Image: Man looking at a stack of papers (via IBM Archives)
A few weeks ago, a local governmental organization asked me to speak at a leadership development event. The topic? “Delivering Compelling Presentations.” The person who made the request is a friend, so I think she assumed I would happily agree. She seemed surprised when I responded, “I’m not the right person.”
As she pressed me to reconsider, I resisted the urge to explain that being capable of designing a good presentation is one thing and wanting to do so is another. Instead, striving (as always) to demonstrate good manners, I explained that I only give talks on three general topics and I invited her to consider whether one of those might fit her program.

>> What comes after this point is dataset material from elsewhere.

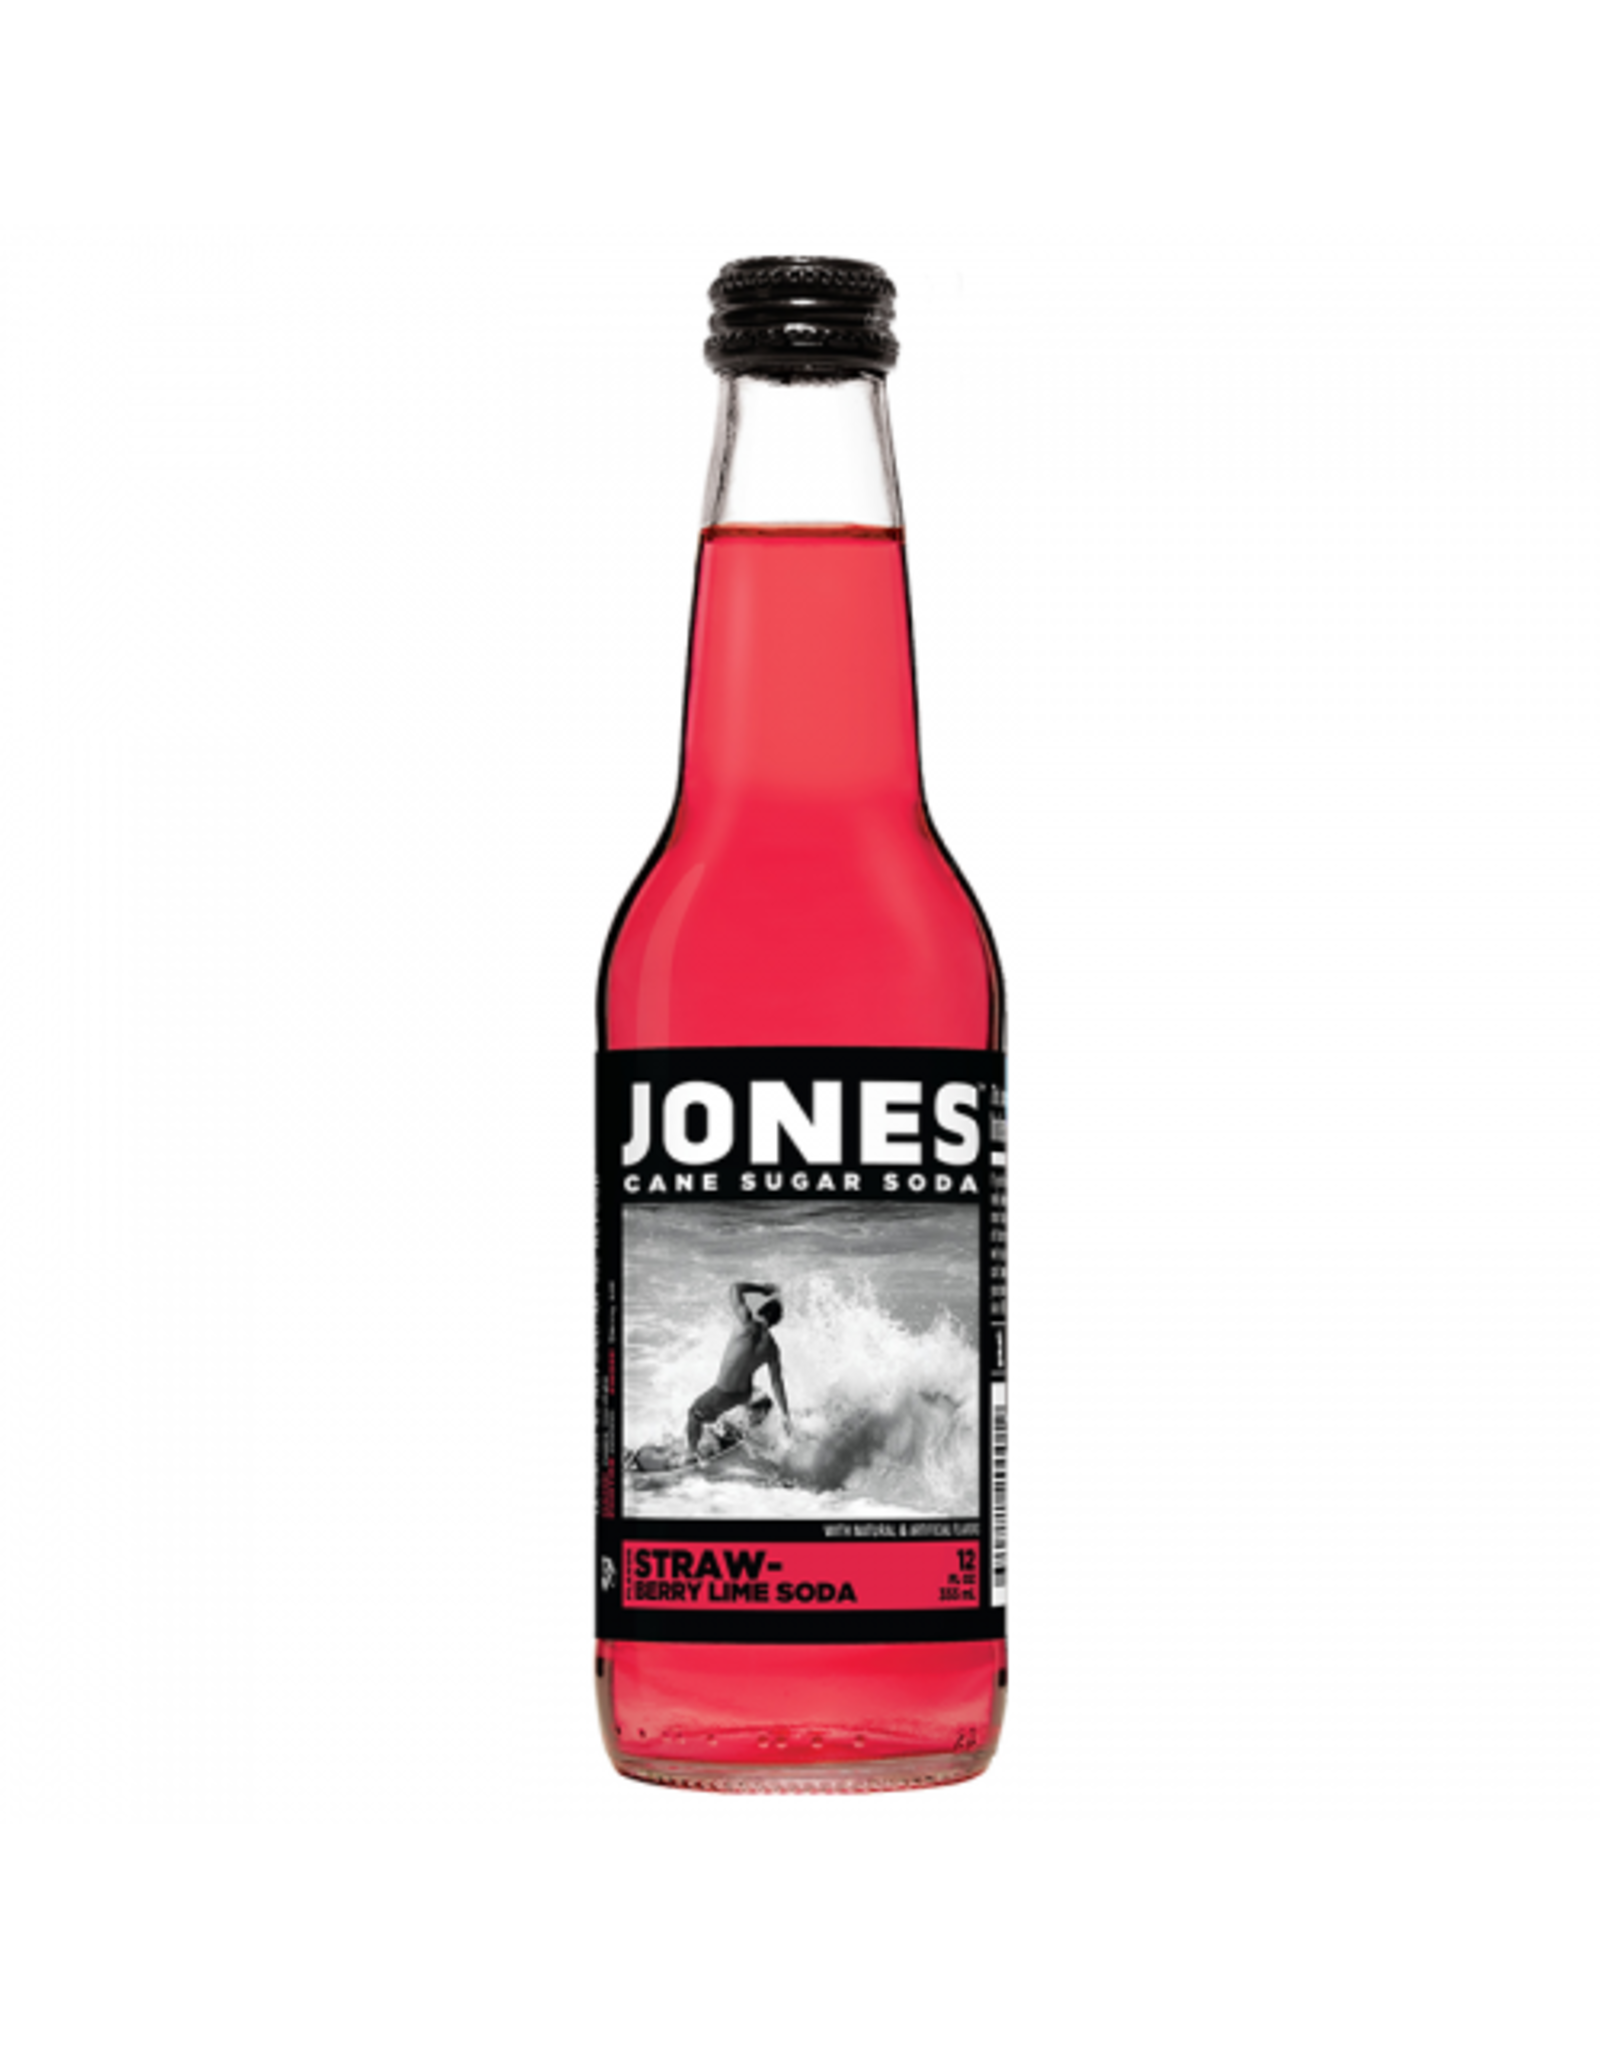 Jones - Strawberry Lime Soda - Cane Sugar Soda - 355ml

Polite. Firm. No openings for argument. It felt good.
Having guardrails for evaluating options and opportunities is relatively new for me. For a long, long time, being asked to speak or partner on projects felt both validating and obligatory. Who was I to turn down a request from someone who needed me? And then there was my fear of retribution and my worry that there would be consequences for declining — a gender-based phenomenon noted recently by fellow Vitae columnist Kristen Ghodsee. For too many years I would hustle to meet external demands without attending to what made sense for me. I found myself exhausted and cranky and realized that being spread too thin wasn’t serving anyone. The work was draining rather than energizing, and I came to resent the people who asked for my time.
Just as I began struggling with how to handle these unwanted requests, I started observing people who seemed to be doing better than me both professionally and personally. They appeared happier, lighter, and more optimistic. And I noticed they all had something in common: They said no a lot.
I wondered if I should adopt the same approach. Would being more judicious with my time — and less likely to accept requests — make me a more serene person? I wrestled with that question, because saying no seemed mean and ugly, while saying yes seemed gracious and generous. What to do?
Looking for answers, I turned to the concept of personal branding, where I read that it was important to create a distinctive professional image. Perhaps I might benefit from establishing an unusual professional niche? Maybe that would also give me more time for my personal life. However, the research on specialization is not promising. Yes, your productivity goes up, but your visibility goes down. Highly specialized individuals may also suffer when it comes to job offers. The advice in this area is fraught with contradiction. Clearly, it makes sense to have a professional focus, but apparently being too focused can be worse than no focus at all.
Eventually I came up with my own formula for filtering requests. Rather than say no, I allow myself to say yes when certain conditions are met. Nowadays I accept a request when:
- It is relatively easy to fulfill.
- It seems appropriately novel, fun, or energizing.
- It gives me an opportunity to highlight my strengths and professional expertise.
- Meeting the request would not significantly detract from other existing priorities.
- Doing so would fill a reservoir of goodwill I might need to draw upon later.
- It would expose me to new people who might be interesting or helpful.
- Tackling the challenge would enable me to learn something I had wanted to learn anyway.
- The recipients are likely to appreciate my time and effort.
How about you? How do you decide when to say yes to opportunities that come your way? And how do you go about saying no?